Mostly what I've used it thus far is a Saints Row-like game where if it moves, it's probably okay to kill it in a grotesque fashion. Have they addressed this at all with 2nd edition, or is the game still THE WEAKER THAN YOU DESERVE TO DIE! YOU'RE WEAK! DIE BITCH!

Even though Apocalypse had problems ( <- understatement of the year candidate), it at least had a way to make the world slightly better, so you're not asking "Why are we doing this again?" It doesn't seem like it's a Roguelike rpg where the goal is naked survival.

Is Second Edition still Bad Cops who can Turn Into Wolves?


This is the part that really bugs the poo poo out of me. The Black Spirals at least sort-of-kind-of made sense, as the Agents of the Wyrm were loving everywhere and dominated the equivalent of Umbrella Corp? and of course having a giant world-ending cosmic deity back you up tends to help. The Pure were the ones who have largely spurned their spiritual allies, and Predator Kings at least are luddite xenophobes, so uuhh. Yeeeaaaahh.

Second edition itself is less bad cops and more YOU ARE THE HUNTING POP CULTURE INSPIRED APEX PREDATORS WHO HUNTERLY HUNT THE PREY WITH YOUR AGES OLD HUNTER POWERS FROM THE PENULTIMATE HUNTER-FATHER TO KILL WITH THE KILLING URGE OF THE HUNTER AND MUCH MURDER DEATH IS HAD RARH.

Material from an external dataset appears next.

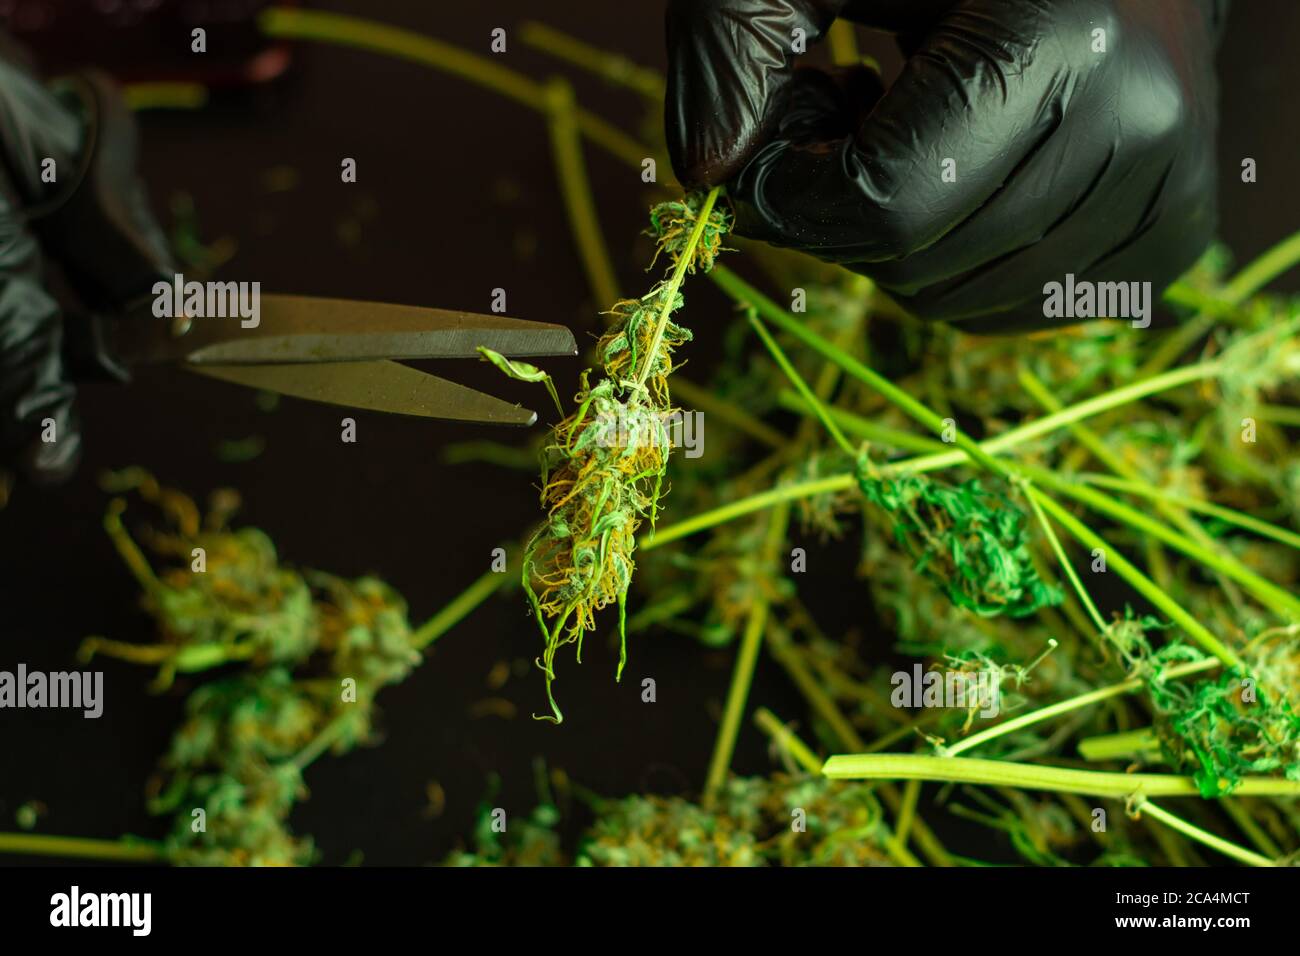 Cannabis processing for commercial use. Prune and trimming of marijuana plant. Man in black gloves using scissors. THC drug medical use. Cannabis buds Stock Photo

You hunt everything. You don't specifically have a job or a task. I personally thought they were going to push the Idigam as a sort of galvanizing cosmic horror force that give the Forsaken, and Uratha in general, a thing to focus on (maybe even push the idea of Pure and Forsaken having to preform the ages old cliche of teaming up to kill a common foe?) but ..no we got nothin'.

I've been reading through the 2e book again lately and I'm just not sure what the hell the theme or focus is anymore. For how overly specific and confining 'spirit cops' is, at least it was Something? Now its just one facet of the Hunt.

WtA had its issues, yes, but at least it has some broad focuses and themes, of which hunting was one but not the entirety of their being. The opening question in old editions of 'When will you Rage?' was very prevelant. Its basically an expression of youthful anger, adrenaline and self-destruction fueled toward a world that is terrible at large thanks to horrible entities and faceless corporations... okay so basically *punk with more Starship Troopers and slasher violence. But there was a reason to fight, and a possible hope of making things less lovely even if you all have to die come Ragnarok. Forsaken doesn't really have anything like that besides, I guess, familial unit stuff. It reminds me too much of The Walking Dead...

WtA is arguably one of the less cloying Classic lines in terms of metaplot, too, but that is just my opinion.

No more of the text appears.